What is a content calendar?
A content calendar is exactly what it sounds like: a calendar that lays out what you’re going to post (including all your social media and blogs) and when you’re going to post it. I make mine as an Excel spreadsheet because I think that’s the most efficient way, but you can use whatever you prefer – Word, Evernote, or even calendar reminders all work.

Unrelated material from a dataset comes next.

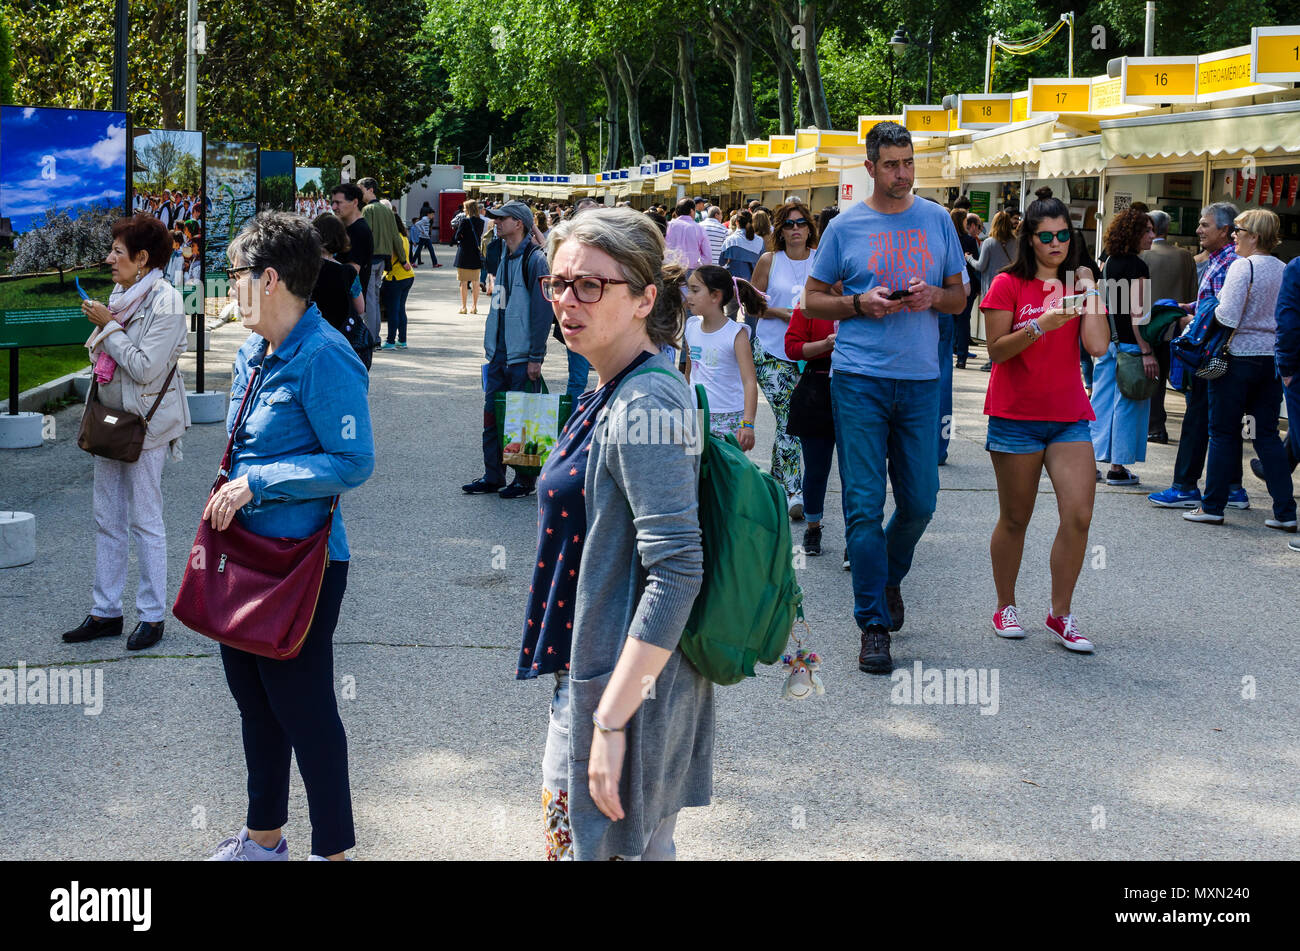 La vista de la gente en la Feria del Libro 2018, Madrid, España. Foto de stock

Why use a content calendar?
There are a lot of good reasons to plan ahead with a content calendar. It keeps you accountable to yourself to post consistently (and if you have a boss you report to, makes you look responsible and organized). It makes it easier for you to remember when you’re supposed to post. It eliminates the eternal question of “I’m supposed to post today, but what do I post?” And it enables you to prepare ahead and avoid stress the day of – for example, I make all my Instagram images for the week on Sunday, so when it comes time to post all I have to do is post it.
How to create a content calendar
There are three important parts to a content calendar: dates, networks, and content.
Dates is obvious – you need to know what days you’re going to post on. I post every Monday and Thursday on social media and every Thursday on my blog.
You also need to record what networks you’re posting on. Mine is pretty simple, because I only post on Facebook, Instagram, LinkedIn, and here on my blog. If you do a lot of networks, you’re going to have a much bigger calendar than mine.
Finally, content. Content is assigned to both a network and a date. This is why I like to use a chart for this – it makes it easy to put content at the intersection of date and network. That way I can quickly look and find everything I’m posting on Instagram this or find everything I’m posting everywhere next Thursday – which makes prepping ahead of time a lot easier.
A final note …
A content calendar is a dynamic document. For example, on Monday I posted on social media about Logan Paul, a current events post that I couldn’t have predicted even two months ago. Some content is evergreen (such as my upcoming post on scheduling tools), but some of it is going to relate to current events, and you can’t plan that. And it’s possible that your analytics will show you it would be better to post on different days, or that images get a better response with your audience even though you have a month of videos planned. It’s important to remember that your calendar is not set in stone. Change it as needed to stay relevant.